Speaking of cobalt streaming, Wheaton Precious Metals chief executive Randy Smallwood told the Financial Post on Monday that the Vale deal was the first time the streaming company had moved outside the gold and silver space. “What I see when I study the market changes,” Smallwood said, “is electric vehicles are here to stay, and they will eventually replace internal combustion carbon-based fuels.”
Also on Monday, we reported that Nouveau Monde Graphite, a Quebec junior miner, wants its Matawine project north of Montreal to be the world’s first all-electric open pit mine. Nouveau Monde is currently working on a feasibility study for the project, and CEO Éric Desaulniers says the company is “pretty confident that after basic engineering work is done, it will be revealed to be cheaper to operate all-electric.” Matawinie has some specific factors that make an all-electric design more practical than it would be for most surface mines, like proximity to the power grid as well as access to a small town nearby.
Brazil overhauled its 50-year-old mining laws on Tuesday, with the country’s President Michel Temer signing two decrees that allowed him to bypass congress to make the changes. The changes allow for mining titles to be used as guarantees for financing, which, Reuters reported, is aimed at increasing investment in the sector and allowing miners to continue mineral exploration while their production license applications are still in review.
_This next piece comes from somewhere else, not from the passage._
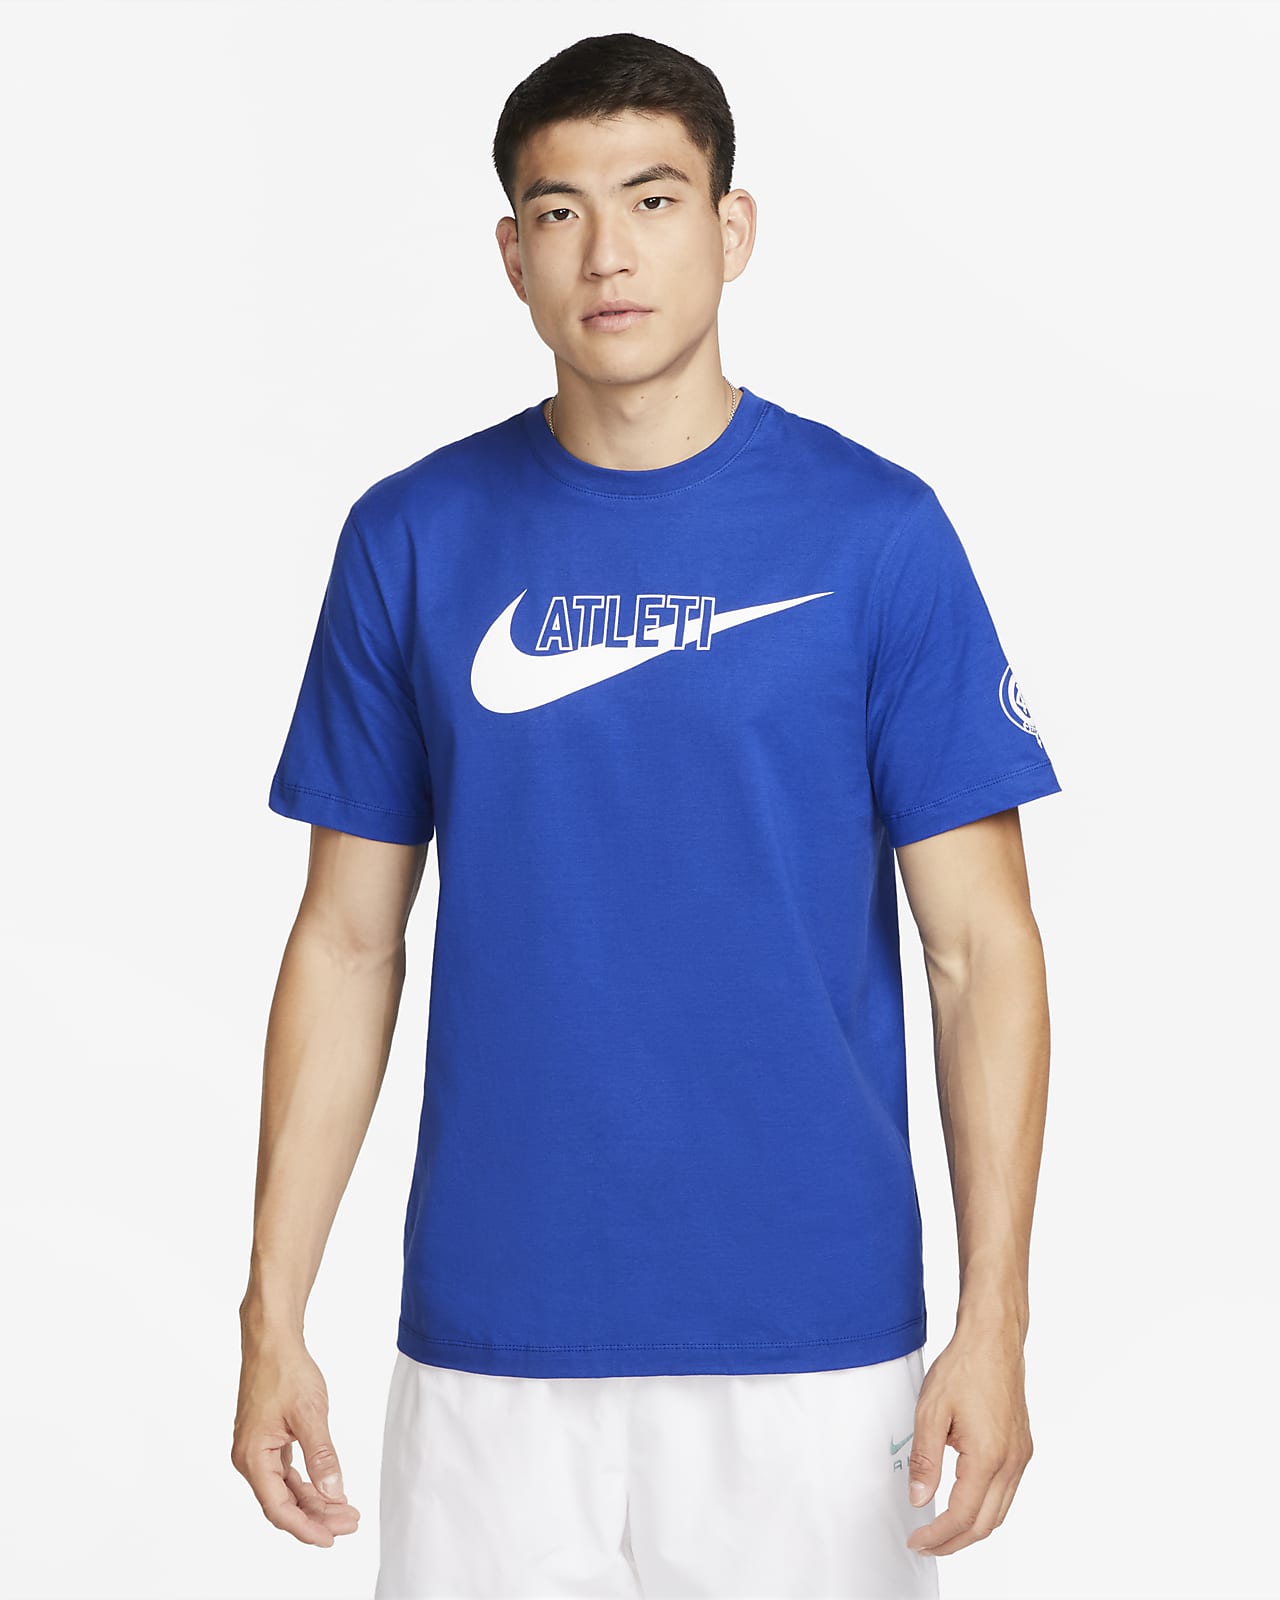 T-shirt Club Atlético de Madrid Swoosh Nike för män
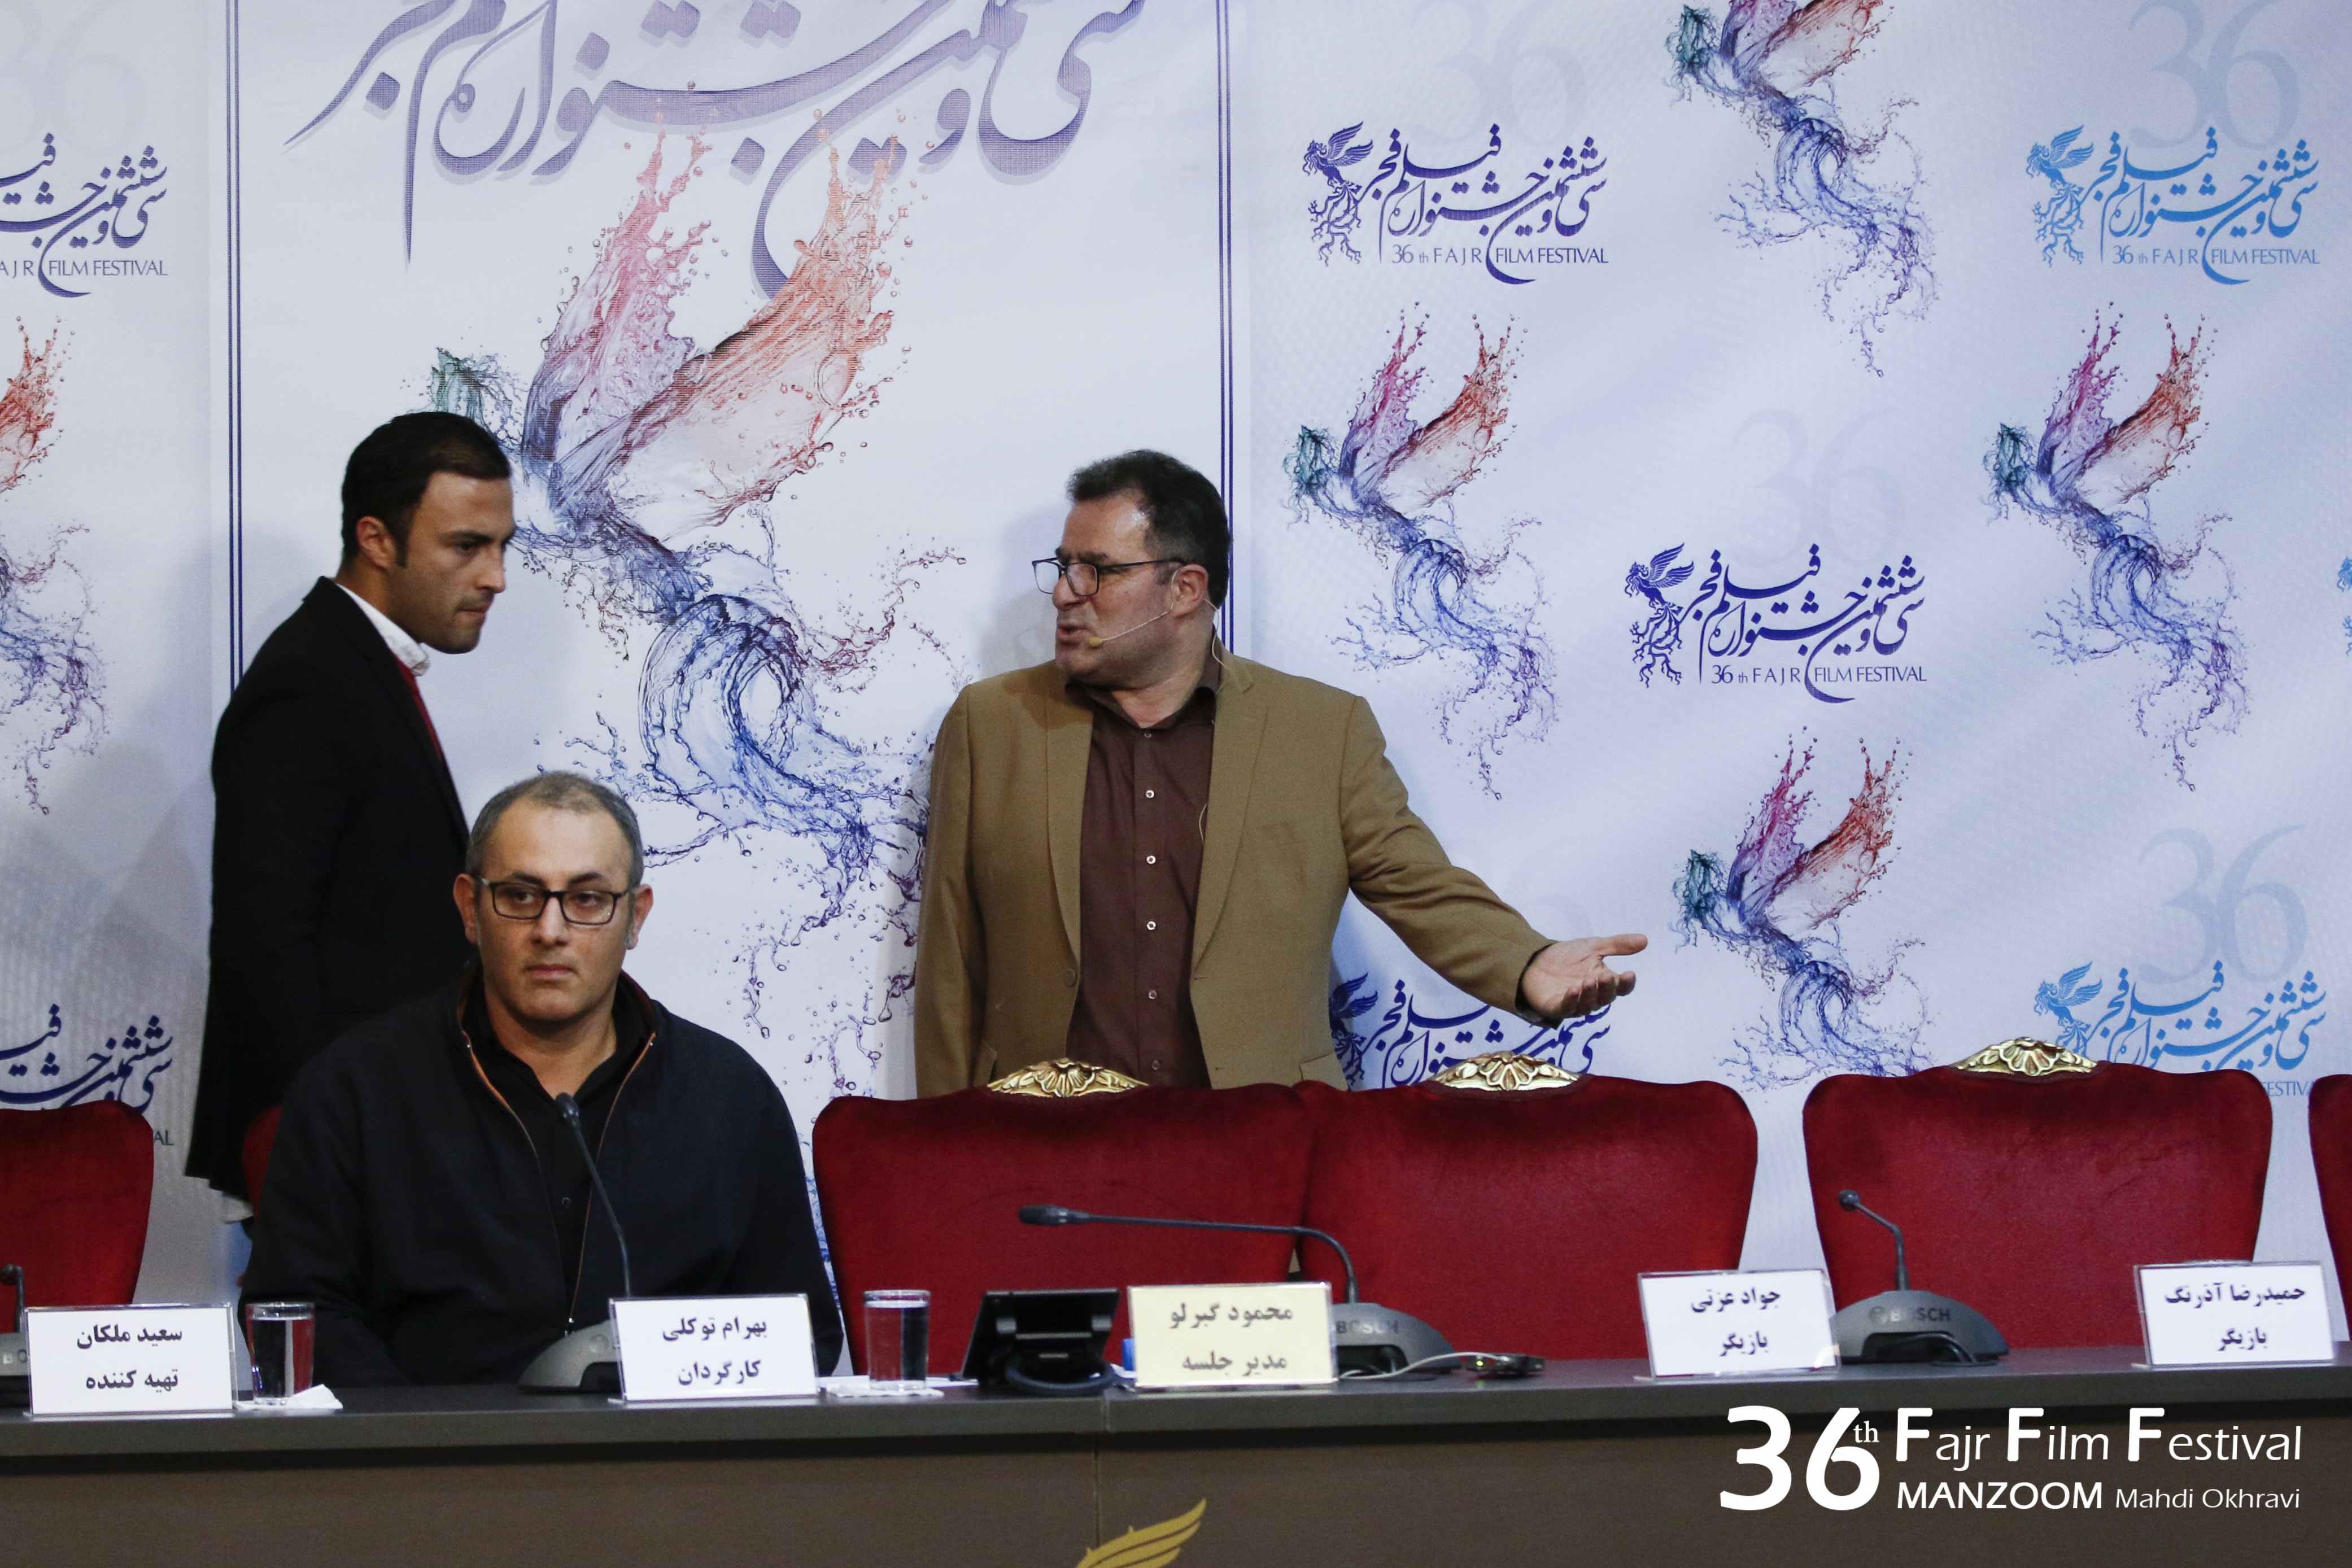 نشست خبری فیلم سینمایی تنگه ابوقریب با حضور بهرام توکلی، امیر جدیدی و محمود گبرلو

The decree also places stronger requirements on operators for mine closure planning.
Centerra Gold’s ongoing conflict with the Kyrgyz Republic has flared up again. The country’s new prime minister, Muhammetkaliy Abulgaziyev, said he wants to put a settlement that would have resolved environmental, legal and other disputes between the country and the company to a parliamentary review. The settlement was reached last September, but the country has twice extended the deadline to finalize it.
Since we’re on the topic of feuds, mining companies like Glencore, Randgold and Ivanhoe Mines have made no headway in their efforts to fight the Democratic Republic of the Congo’s new mining legislation. The country approved the final part of bill last Friday, and the law hasn’t been eased from its original draft in any way. According to Bloomberg, mining companies have few options they could pursue; international arbitration is a possibility, or the “nuclear option” of stopping all production, though, with an expected boom in demand for cobalt, that is something that could harm the companies themselves.
Mining companies and manufacturers have taken up a spate of initiatives in the first half of 2018 to make mining supply chains more transparent– but experts in sustainable mining practices say these initiatives fall short of solving supply chain challenges faced by artisanal and small-scale miners. We spoke with the World Bank and the Canadian International Resources and Development Institute about the growing pains faced by supply chain certification programs.